Danny & Andrew would routinely invite me out for coffee or lunch or a drink. I usually refused, but two or three times I forced myself out. Each day with the two of them stretched on endlessly. Once I was with them I felt those miserable places in me fade just enough that I could shout over them. We’d get lunch, be about to part ways and I’d say “Let’s play a board game” or we’d go out for a hot dog and end up making fancy cocktails and sitting on the porch talking and arguing all night. Those days were rare, but precious and so I clung to them.
In the aftermath of the hospital Andrew wrote me, saying he previously thought I was just a messy person, he didn’t realize that I was such a mess. He told me he wanted to help and that I didn’t have to lie to him. In response I told him, in detail, what things had been like on that morning.
“I got to that place where I became completely unfeeling. Just, oblivious to emotion altogether. Incapable of making simple decisions and more and more contained to my own bed… I Just sat with myself one morning, completely confident in the belief that nothing was ever going to get better, that this would be my entire life and that the time had come to take drastic action.”
What I did, though, was reach out Danny. I asked if he was working from home. He was. I wished him a happy birthday, then said “I feel like a dick asking this on your birthday, but do you think you could go to the ER with me in a little bit?” He agreed without question. It took me another hour and a half to compose myself, shower and put some clothes on. He met me at that Mexican place. I ate a burrito and we talked idly. Full, and committed to my course of action, we started the 15 minute walk. I believe it was a hot day in Boston. I think I remember feeling bad I was having Danny walk in that heat, but I don’t really recall now. He told me he had no concept of what was going on with me, and I thought that made him an amazing friend. That entirely devoid of context or empathy, on his birthday, he would, without question, drop everything to walk with me.
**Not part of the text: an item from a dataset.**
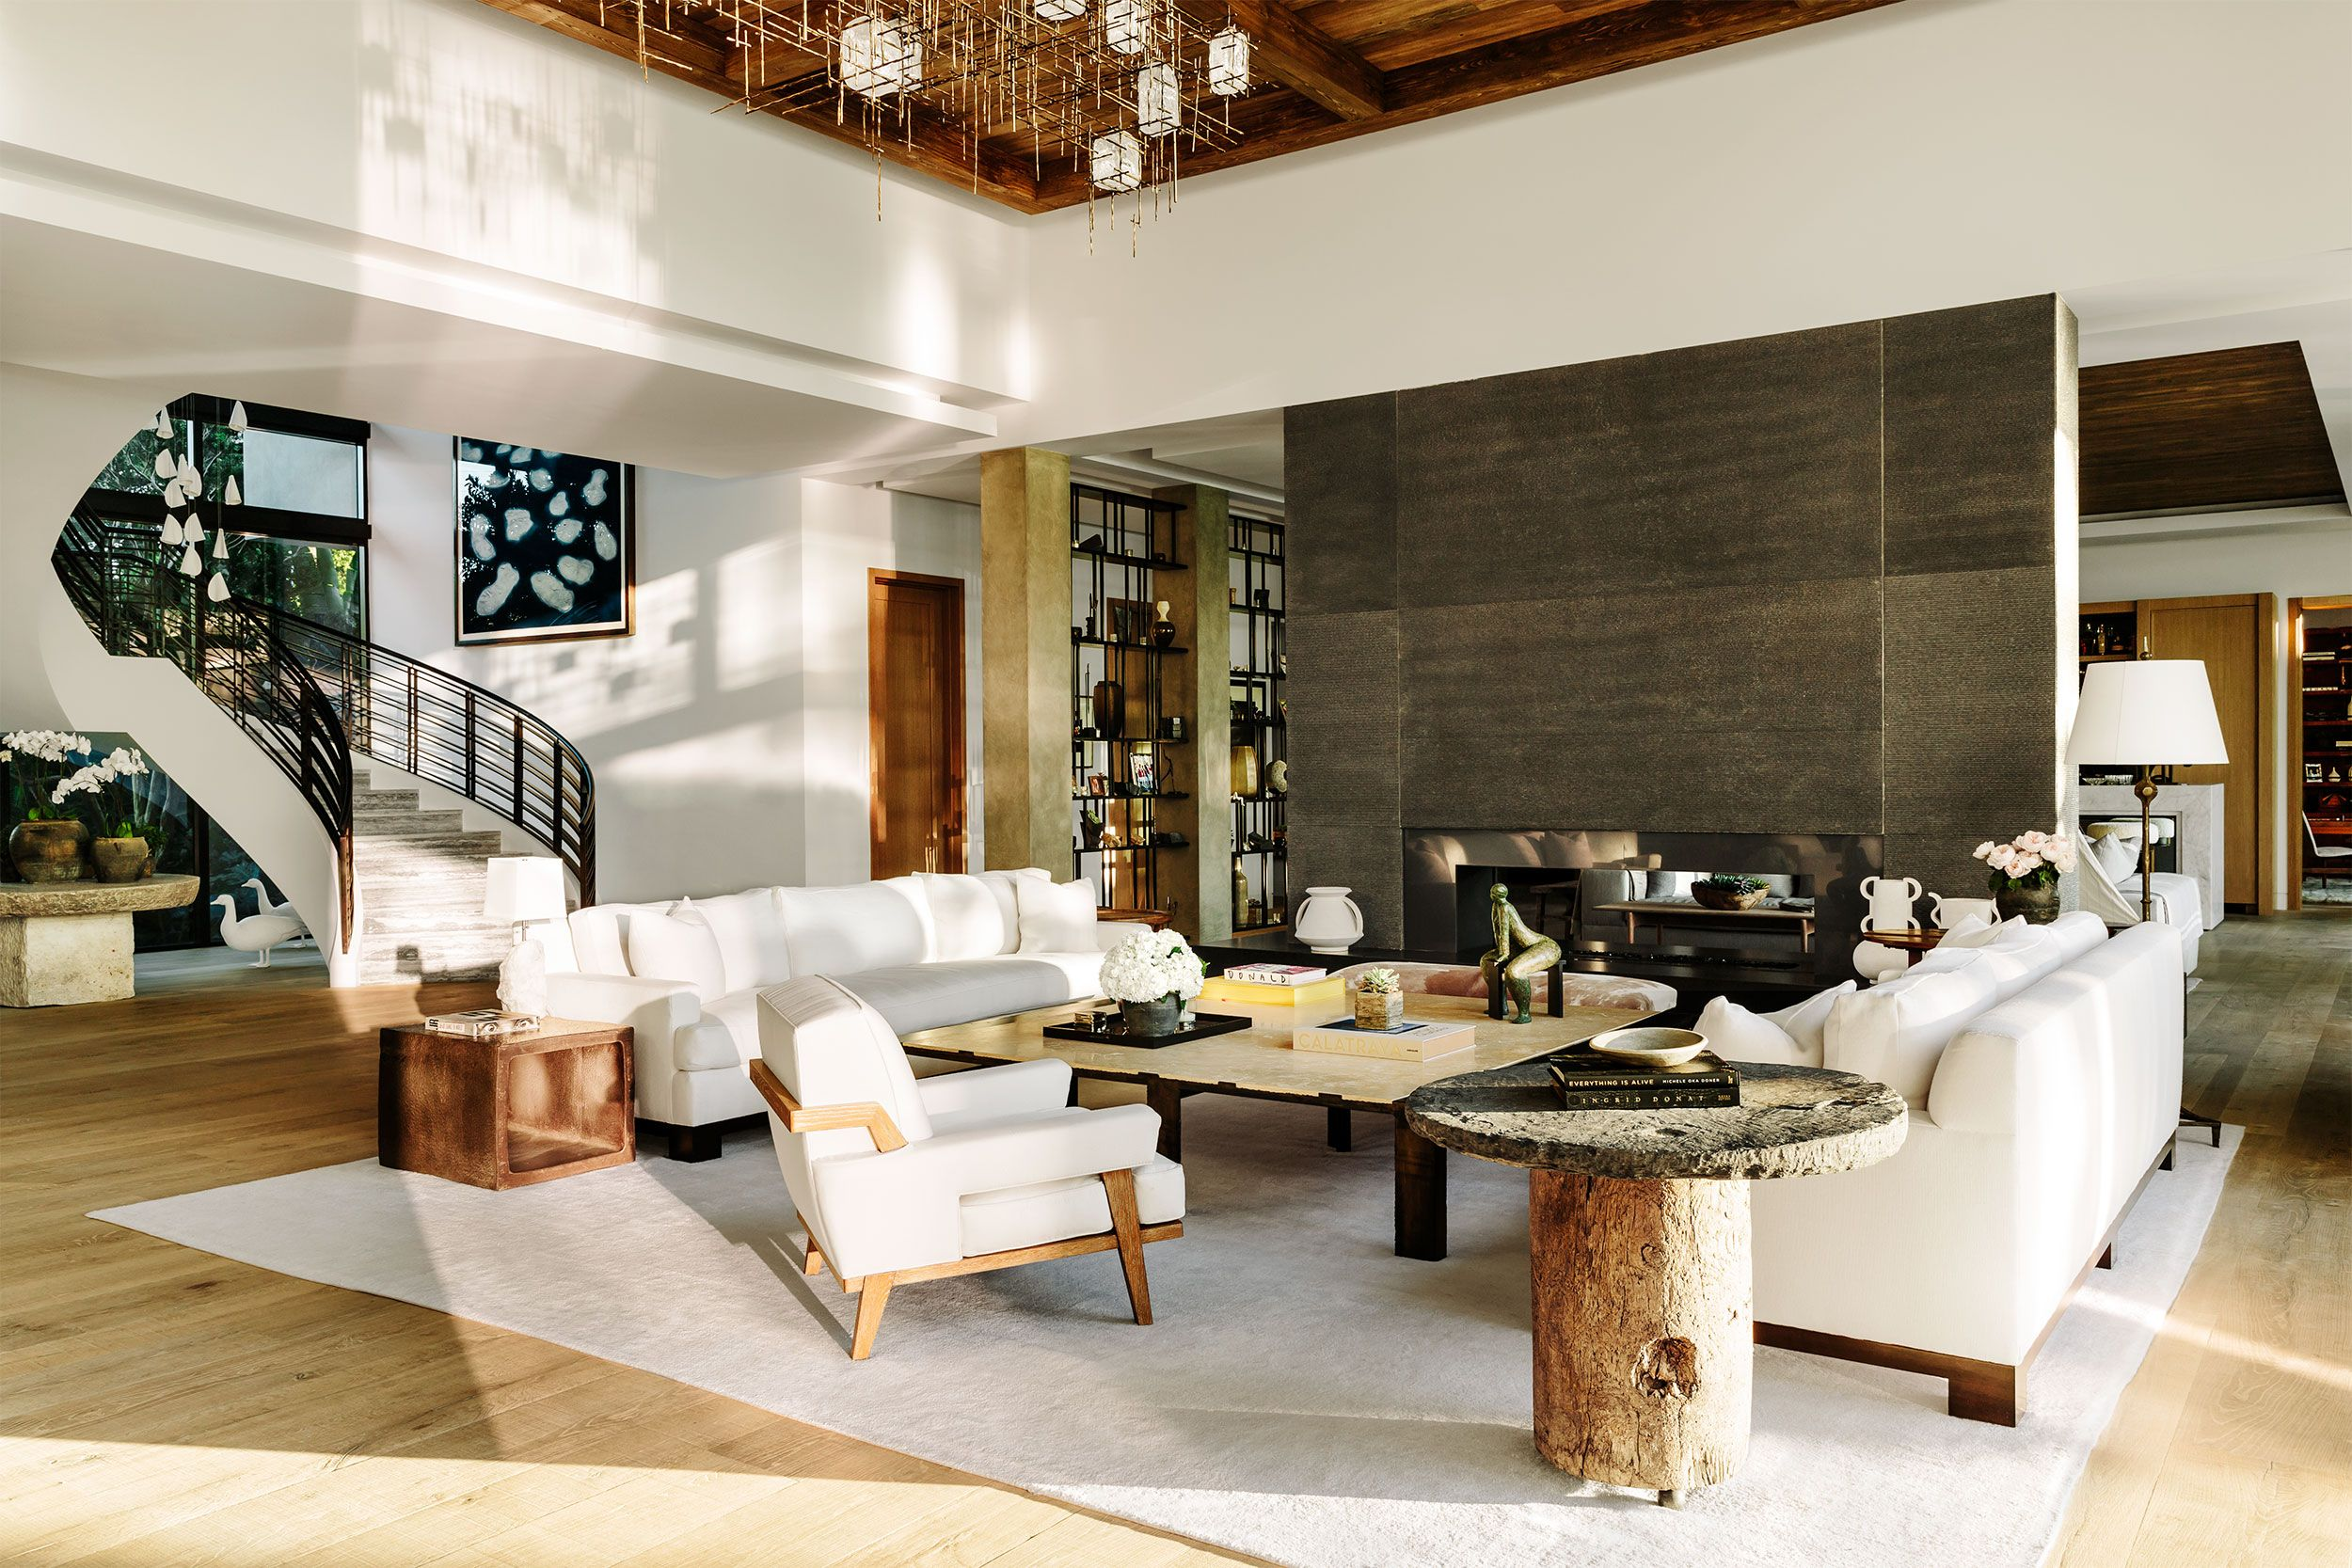 70 Stunning Living Room Ideas Chic, Large Living Room Ideas

When we got to the hospital things started moving fast, but without end. Eventually I was released to Amy’s care, but only for the evening and even that took quite a bit of negotiation. I had been at the hospital for around 9 hours at that point, maybe a little longer. We went directly to meet Andrew and his girlfriend Katie. That morning Katie had invited me out for a birthday drink with Andrew. They very kindly accepted me and my mess of a day into their quiet celebration. The next morning Amy & I returned to the hospital, as we had agreed to, where I was admitted to a Crisis Stabilization Unit.
I saw Andrew and Katie down in Boston a few days ago. They made me delicious food and we laughed and yelled and said how much we missed living near each other. Danny’s out in Austria now, learning German and potentially contributing to the safety and survival of the world. Andrew has been one of the people helping me dig out from the Kickstarter debacle. He has put up his own money, a huge amount of time and a lot of energy keeping me going.
So, today is that day. One year later. And while I am sure I’ll always remember it in the context of my decline, from this point on I will only celebrate it as the birthday of two of my friends.
Happy birthday, Danny. Happy birthday, Andrew. Thank you both, so much.